[sargun]

(e)BPF has the following guarantees:

* Strictly typed -- registers, and memory are type checked at compilation time. If you use something like Rust, you'd have to bring rustc into the kernel

* Guaranteed to terminate -- you cannot jump backwards, and there is an upper bound on the instruction count

* Bounded memory -- The registers, and accessible memory via maps are a fixed size. We don't have a stack per se.

Compiling Rust to this is possible, but it'd require quite a bit of infrastructure in the kernel to verify that the code is safe, versus the simplicity of eBPF. Early attempts at a general purpose in-kernel VM included passing an AST in, and then doing safety checking on the AST, but they proved too complicated to do safely.

[dangisafascist]

I'm not arguing against eBPF the language.

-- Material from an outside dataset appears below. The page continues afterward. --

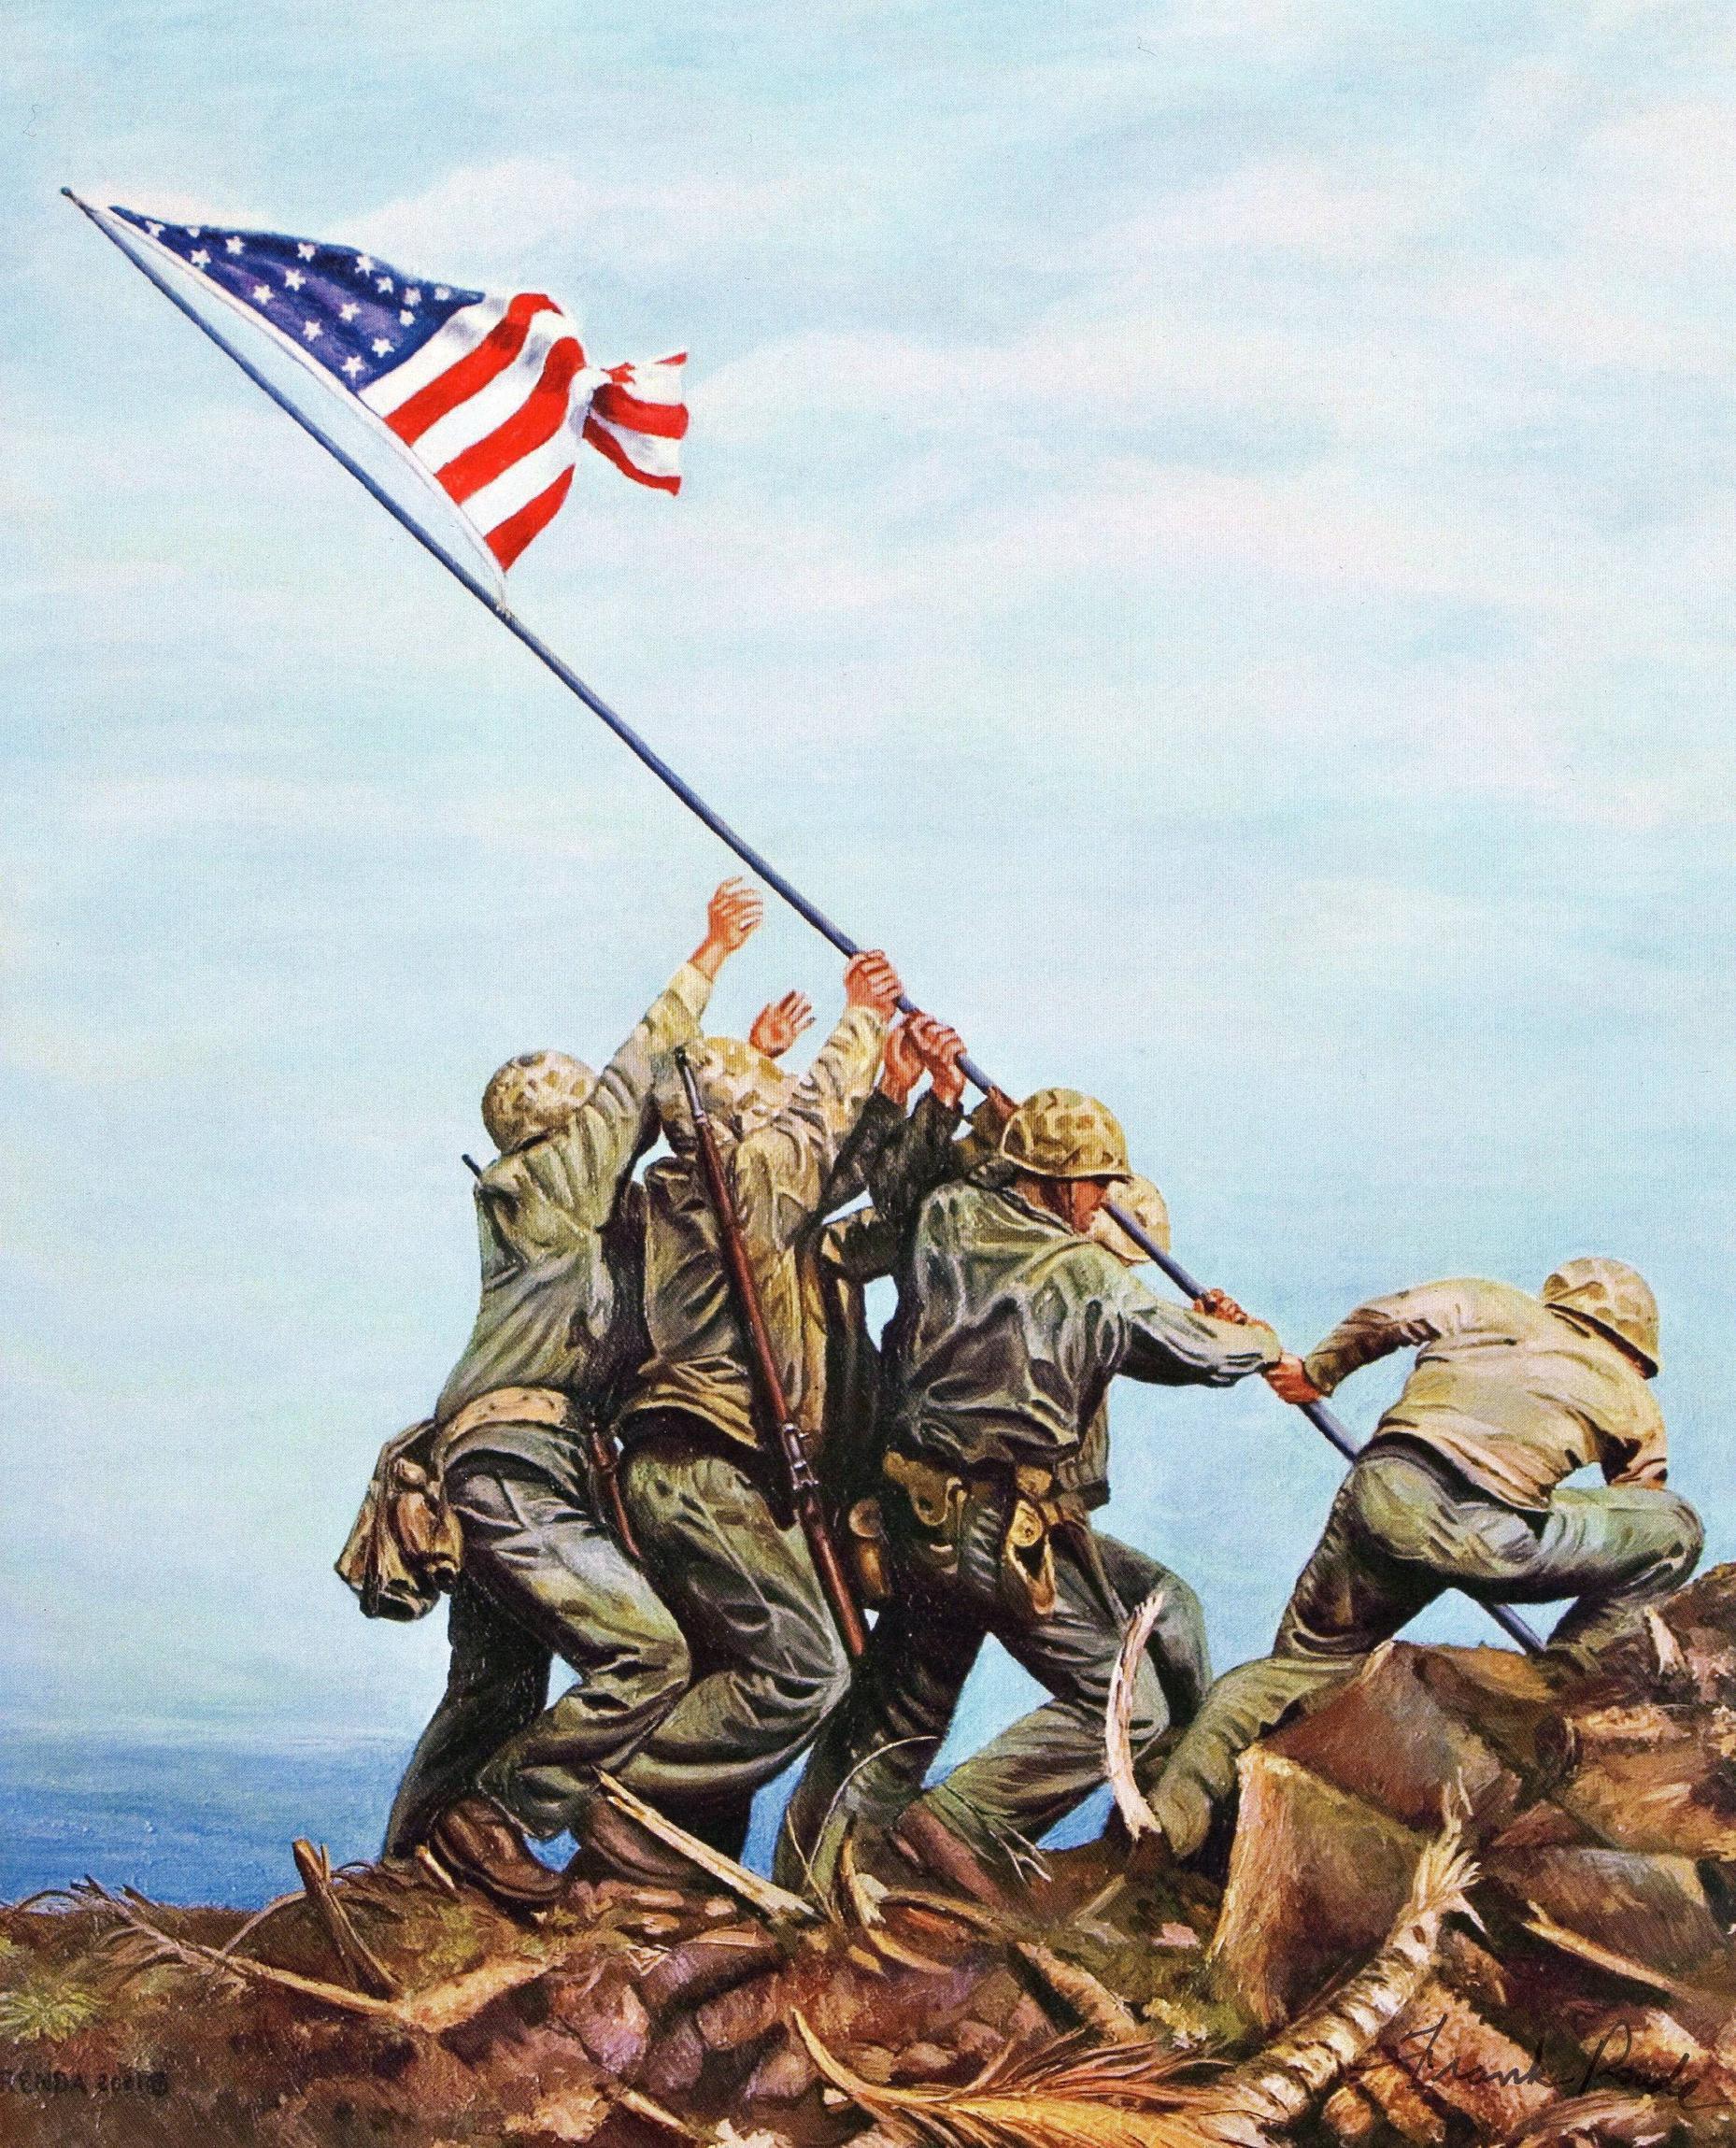 Iwo Jima Flag Raising Wallpapers - Wallpaper Cave Raising

It's safety guarantees make sense to me.

I'm arguing against the in-kernel eBPF infrastructure: bpf system call, the JIT and the VM.

I think it makes more sense to just compile eBPF (or rust or whatever safe language you want) to a kernel module.

[codyps]

The idea with having eBPF in the kernel is that we can limit the amount of trust given to a particular user-space task.

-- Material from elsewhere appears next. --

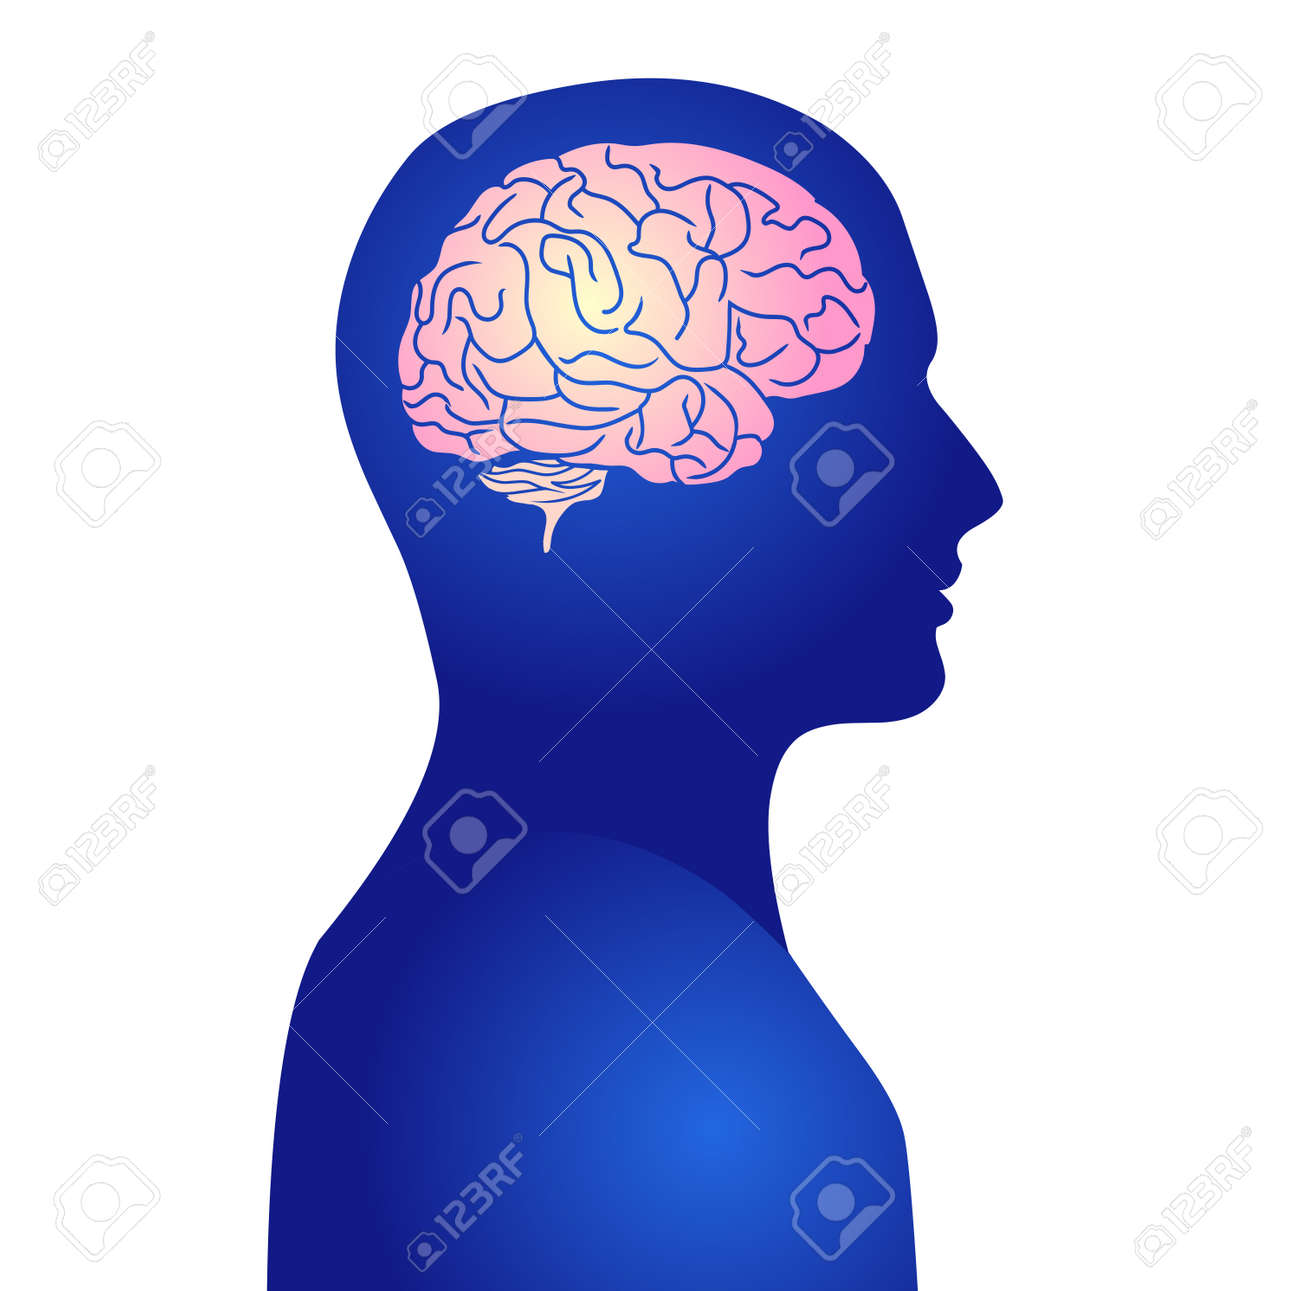 Human active brain vector illustration - 169091564

Accepting compiled stuff in the form of a kernel module requires root privileges and requires that the kernel essentially have complete trust in the code being loaded.

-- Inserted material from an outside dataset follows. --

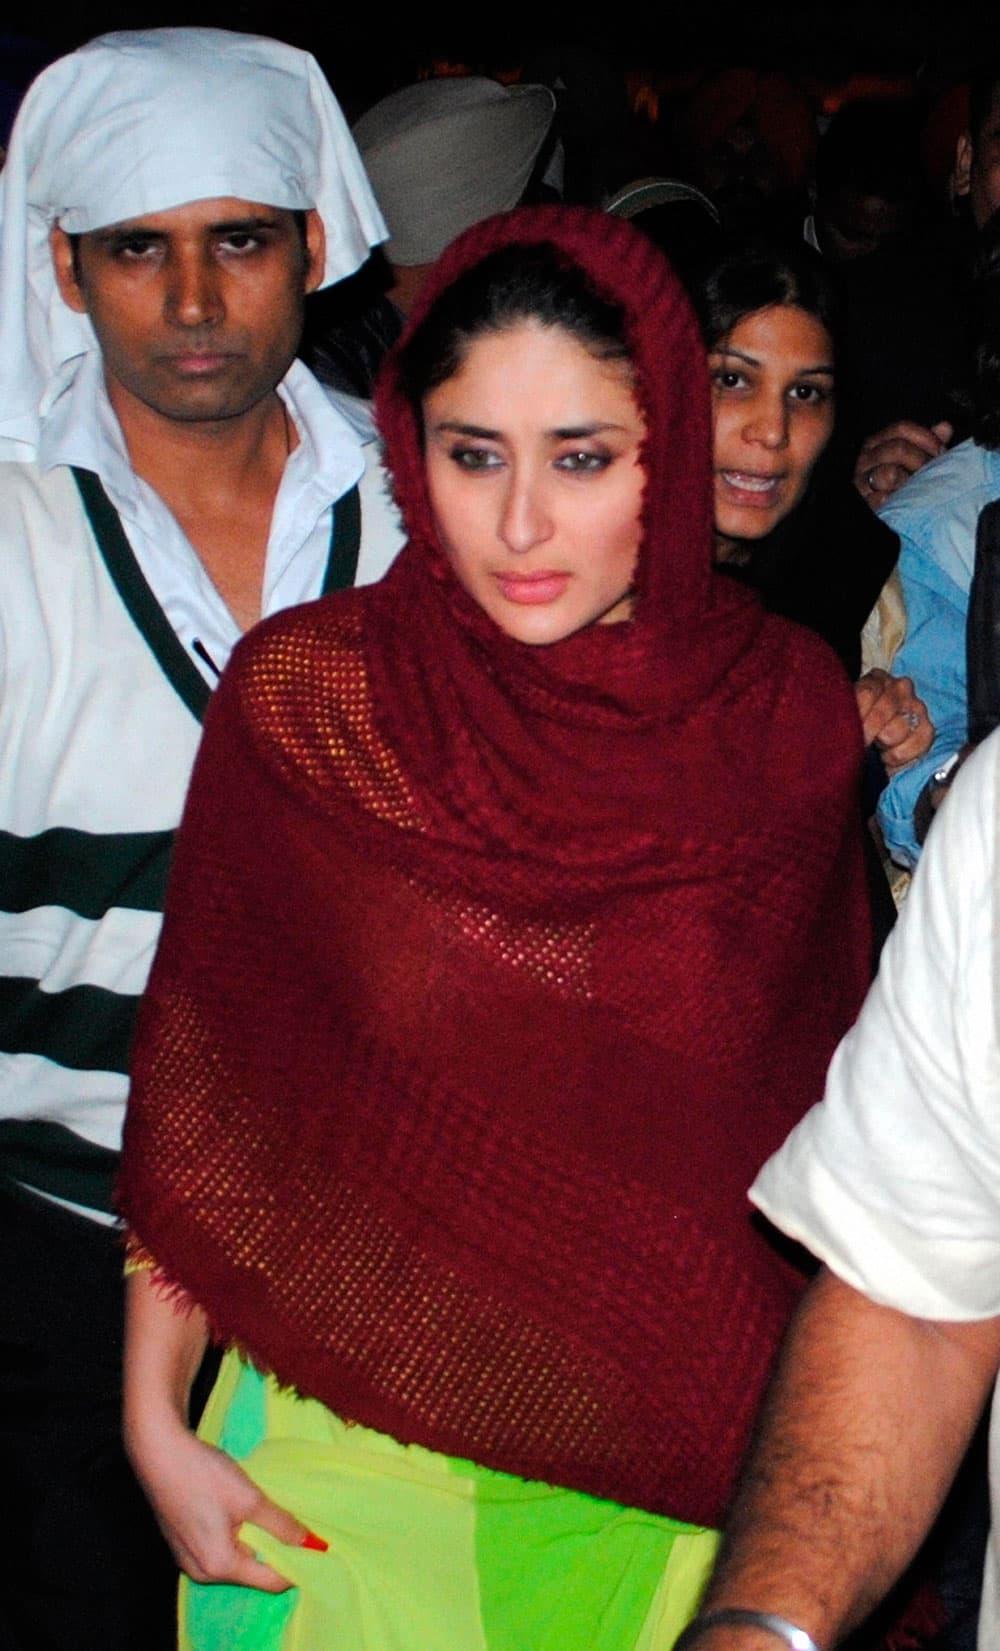 Bollywood actress Kareena Kapoor paying obeisance at Golden Temple in Amritsar.

Loading eBPF eliminates the need to trust the process/user doing the loading to that level.

[dangisafascist]

The bpf() system call and SOCK_RAW both require root. Is there an example of using bpf that doesn't require root?

[sargun]

The BPF syscalls don't require cap sys admin. Only specific invocations. You can setup a socket filter without sys admin, and a device or XDP filter with net admin.

[dangisafascist]

Sure but how common is that case? How common are multi-tenant Linux systems with untrusted users that give those specific permissions? Do you want untrusted users sniffing the packets of others?